Japanese officials argue that the minister has gone further in making amends than two other top politicians who were caught making antiblack remarks before all-Japanese audiences in recent years. Kajiyama received a ``stern warning'' from Kaifu.

In addition, on Oct. 19, the Justice Ministry notified its local offices to increase public education on racial and minority issues.

``We do need wider recognition of the American civil rights movement,'' says Mr. Watanabe. But, he adds, ``it is wrong to assume that all Japanese'' are racists, suggesting that those who think so may themselves be racist.
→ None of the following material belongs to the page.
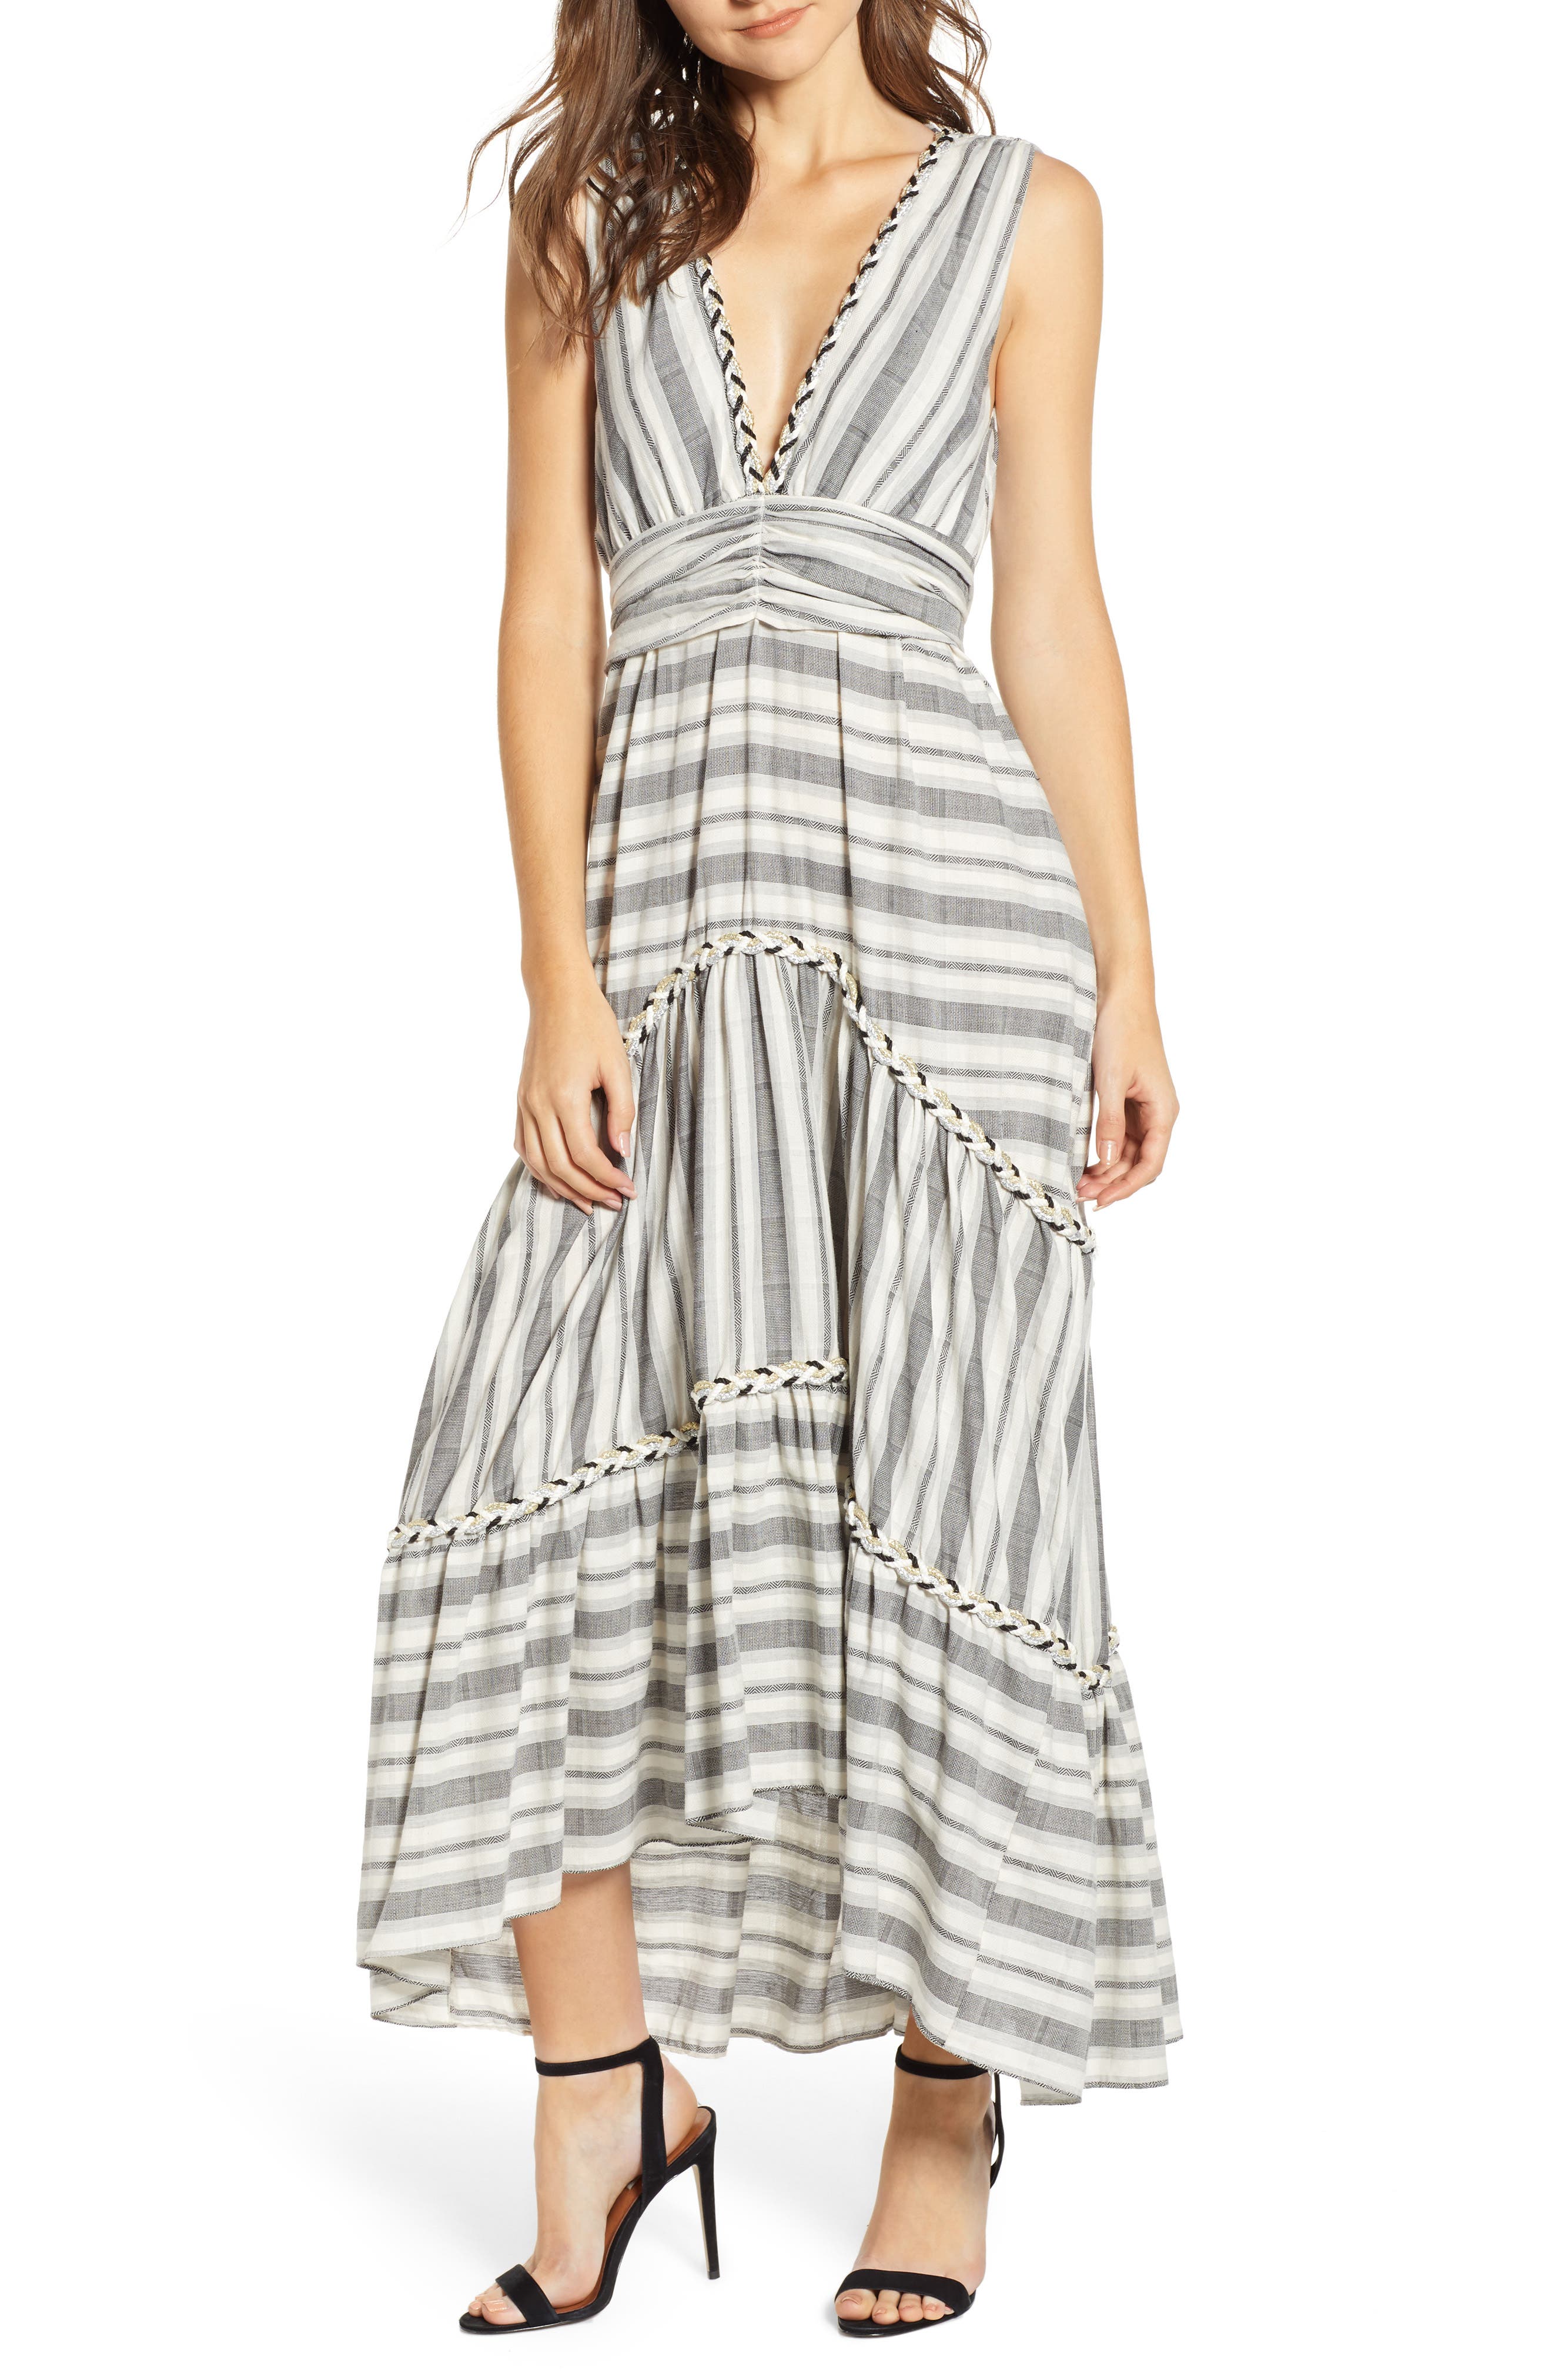 black and white striped a line dress
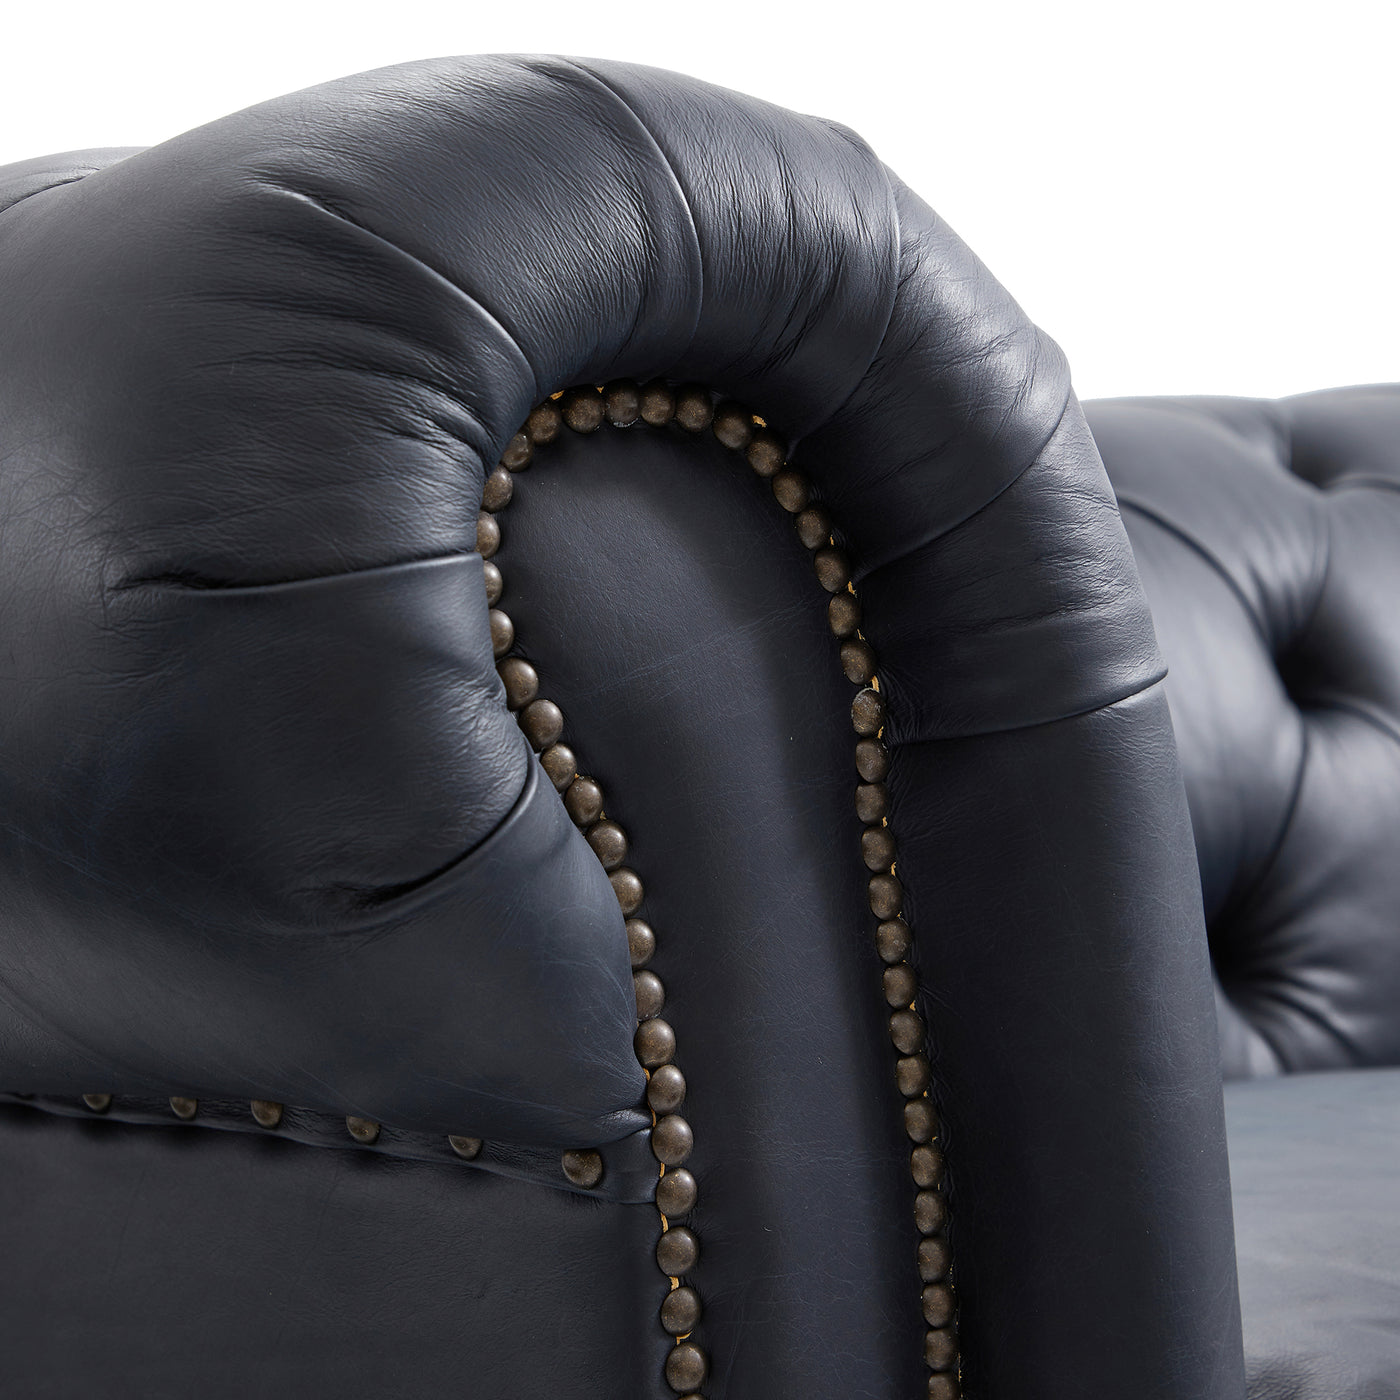 Durango Chesterfield Top Grain Leather Tufted Sofa-Black

One factor working against Kajiyama's resignation is his political pull with the ruling Liberal Democratic Party (LDP). He was given the justice post just last month in what analysts say was an attempt by LDP factional leader Shin Kanemura to prevent him from joining forces with rival politician Noburo Takeshita, the former prime minister.

Charges of racism are not new to Japan-US relations. The two sides have very different perspectives: The Japanese view themselves as a racially pure society, while Americans take pride in being a ``melting pot'' of ethnic diversity.

Although anti-Japan feelings have grown recently in the US following Japanese buyouts of US companies, officials in Tokyo point to the lack of similar American resentment over European investments. They also note the recent payments and apology given to Japanese-Americans who were detained without charge during World War II.

Still, Japanese commentators worry that Japan is not yet close to becoming ``internationalized'' - sensitive to plural societies or able to accept more immigrants.

Many Japanese companies, too, are criticized for rarely hiring local citizens for top management positions in overseas plants and for locating such plants away from black or heavily unionized areas in the US.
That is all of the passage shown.